### DATA BLOCK
◆ ◆ ◆ ◆ ◆
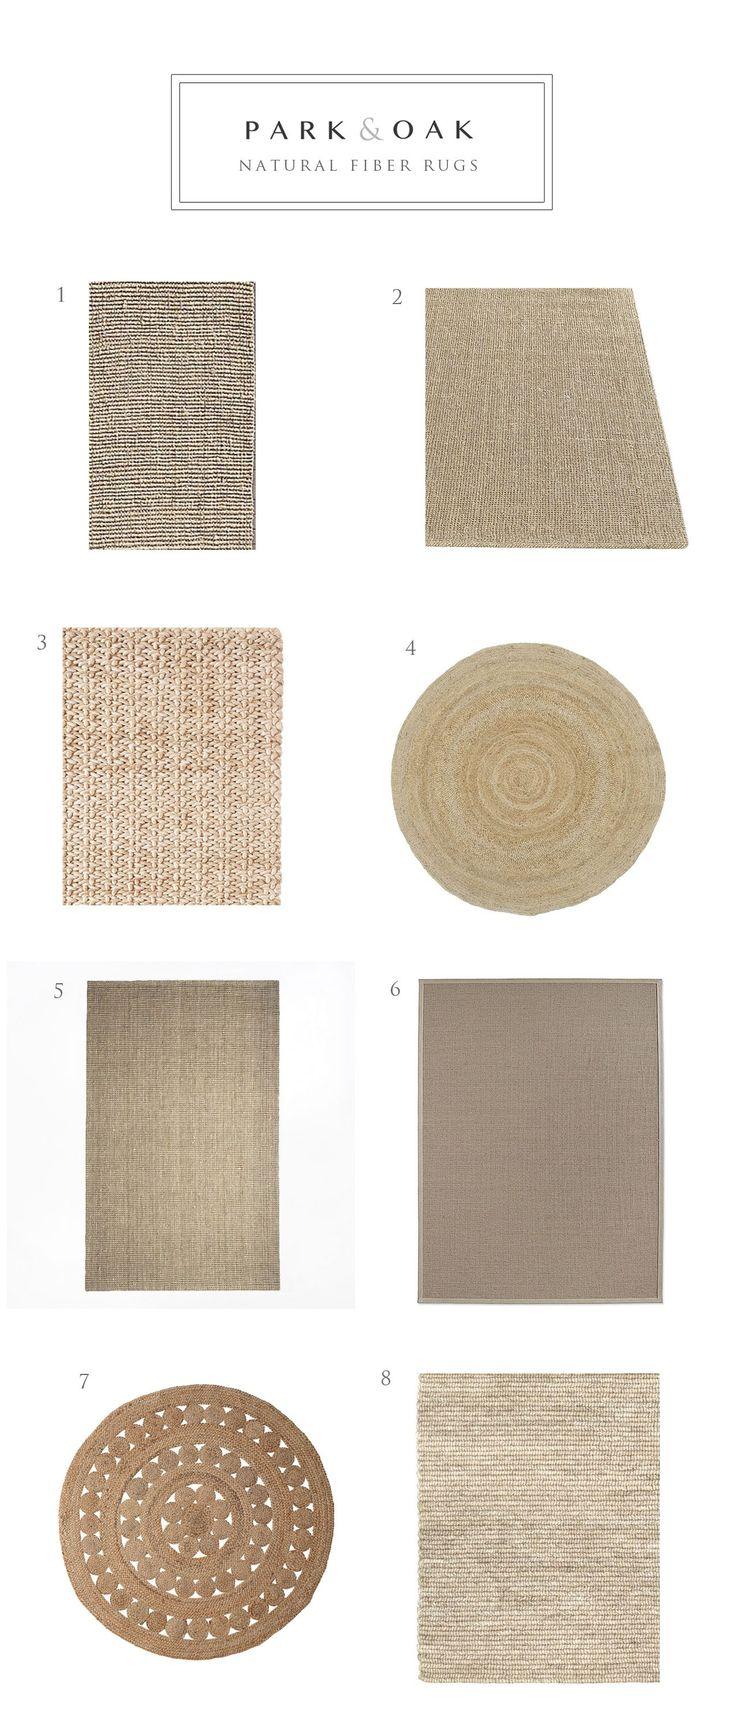 the+best+natural+fiber+rugs
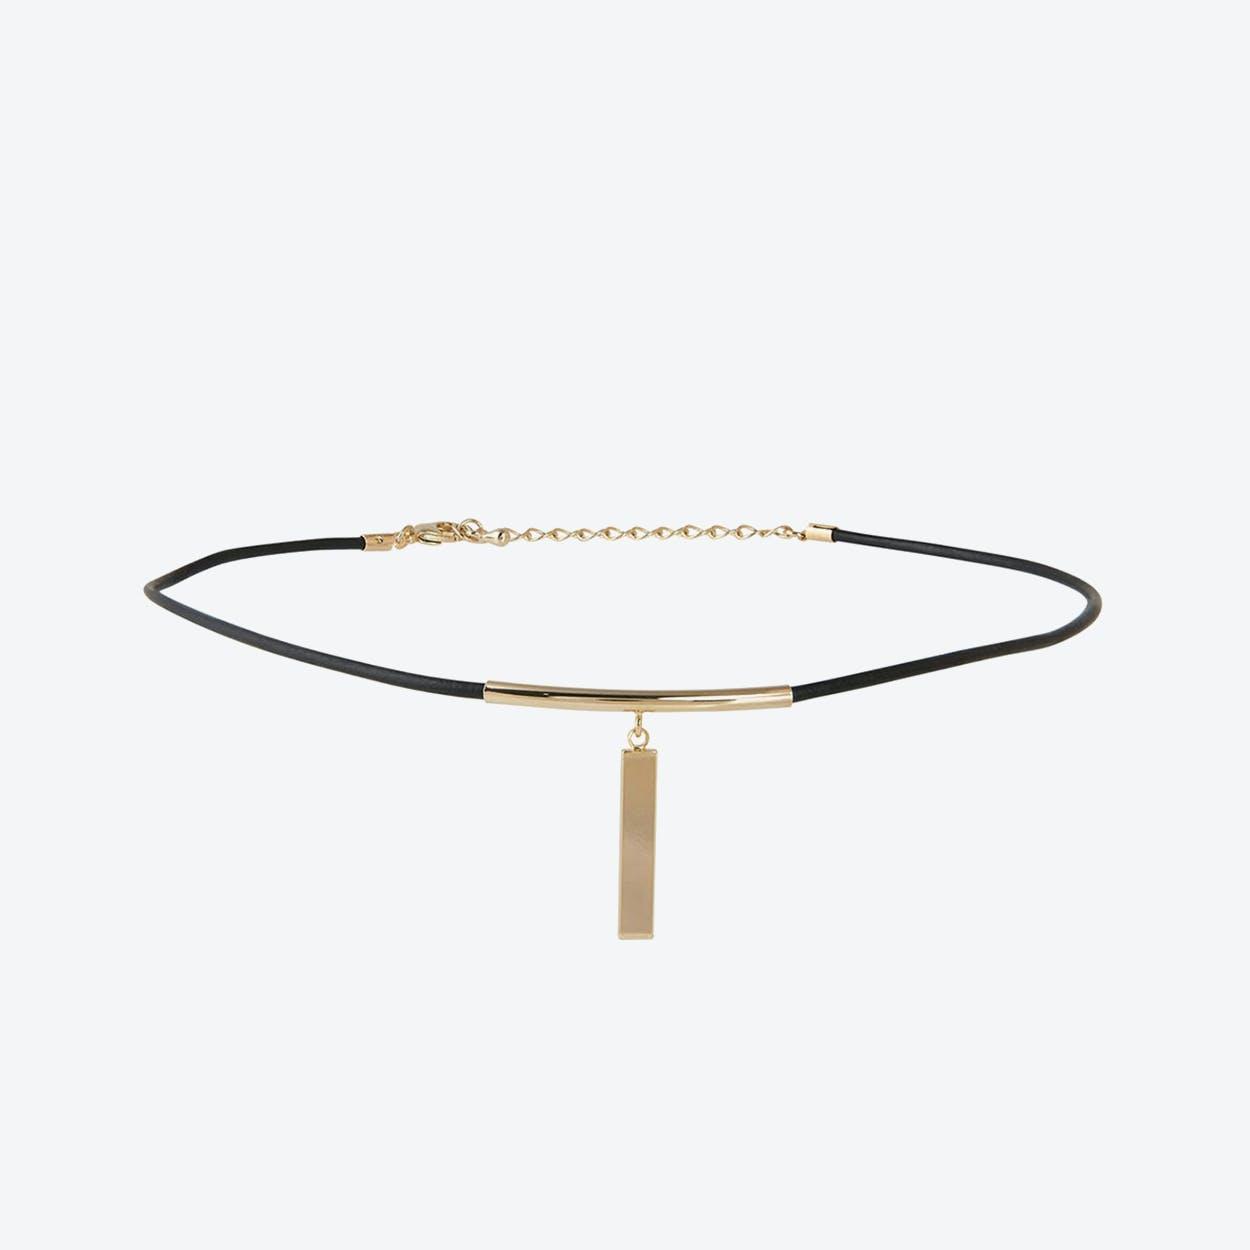 Leather & Bar Choker - Gold
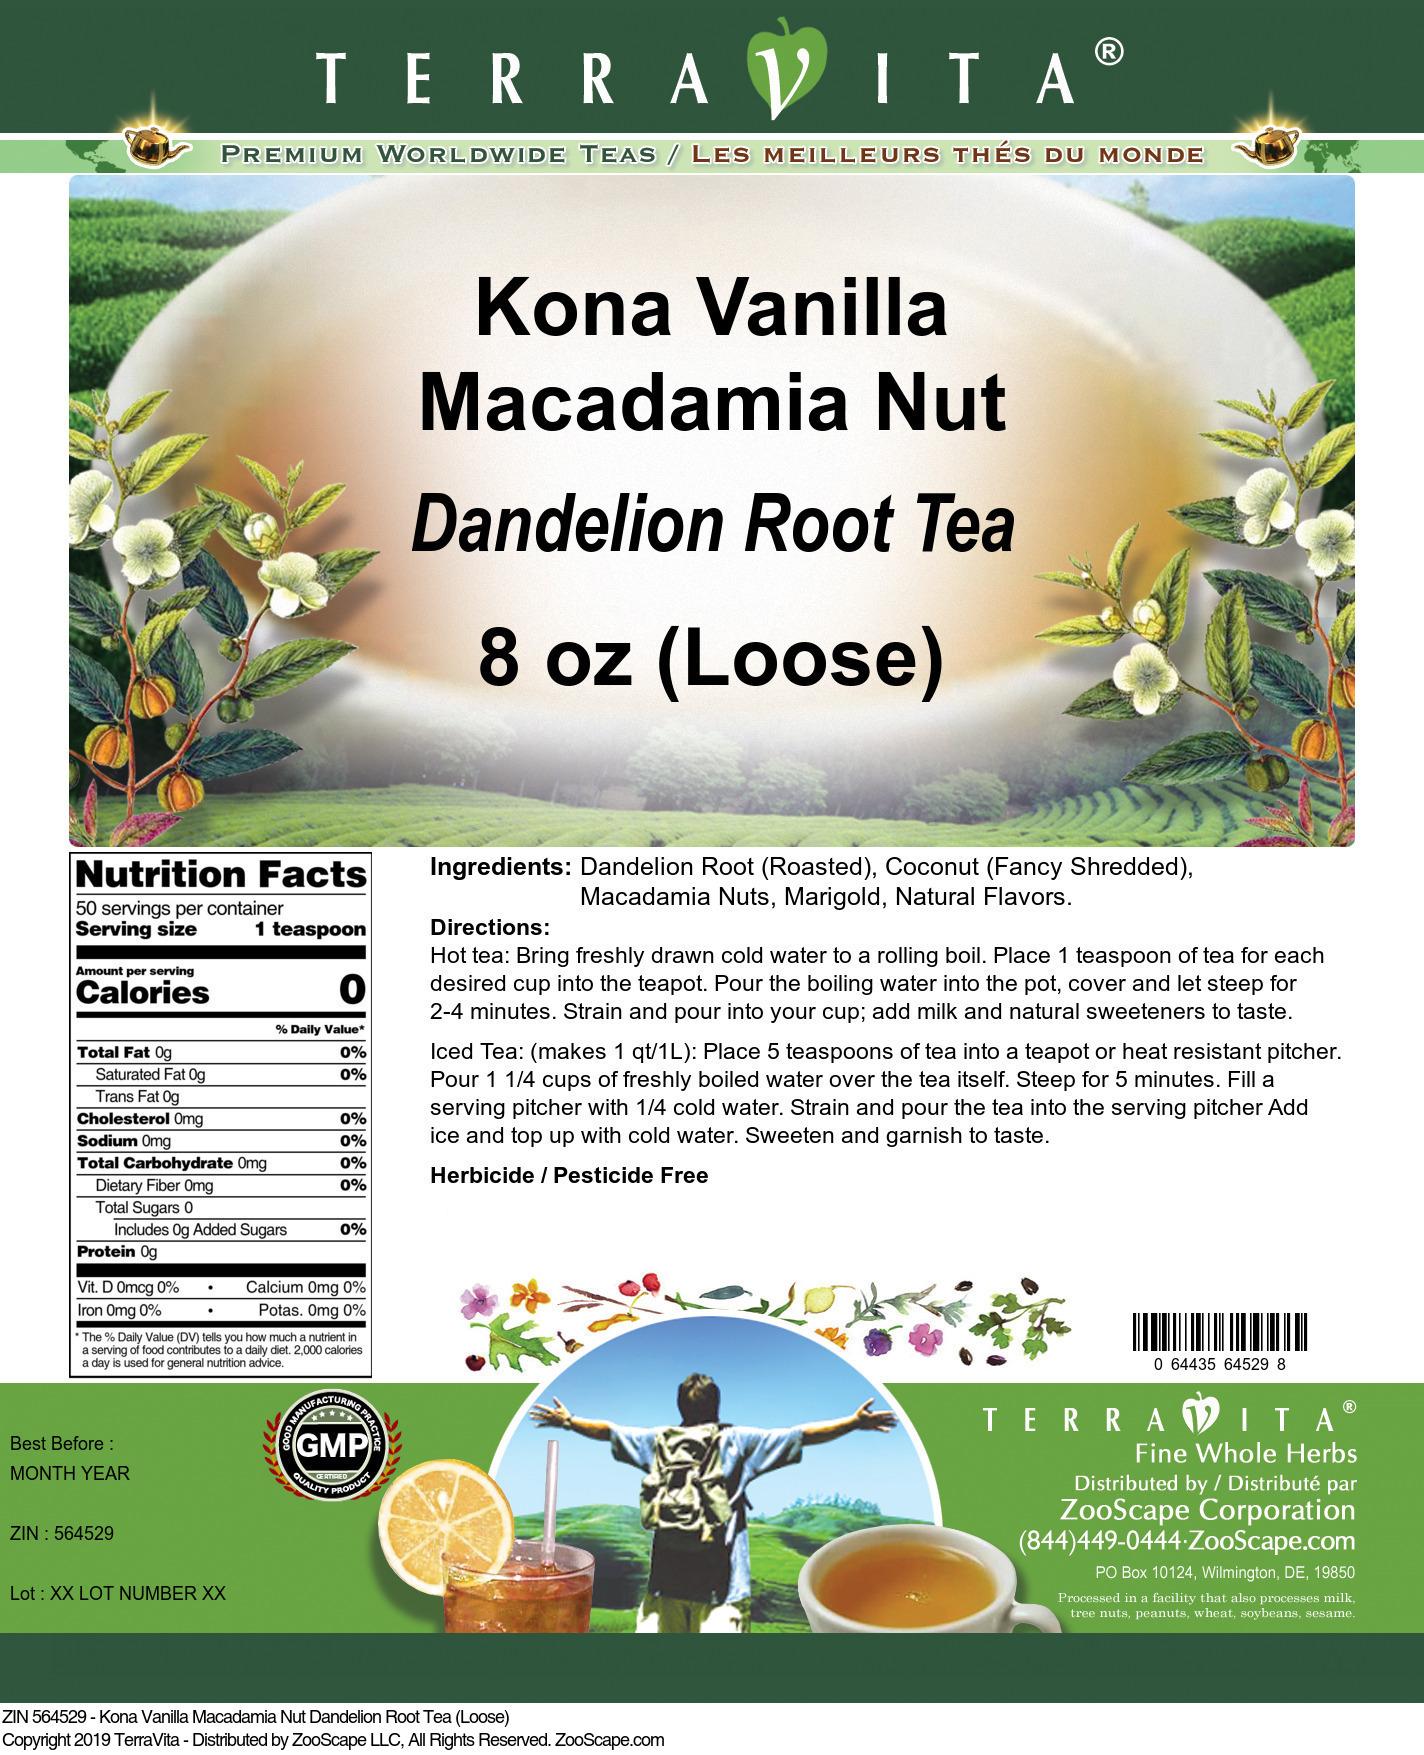 Kona Vanilla Macadamia Nut Dandelion Root Tea (Loose)
◆ ◆ ◆ ◆ ◆
### TASK
Copy out all the data exactly; skip the pictures.

### EXPECTED ANSWER
 the+best+natural+fiber+rugs
 Leather & Bar Choker - Gold
 Kona Vanilla Macadamia Nut Dandelion Root Tea (Loose)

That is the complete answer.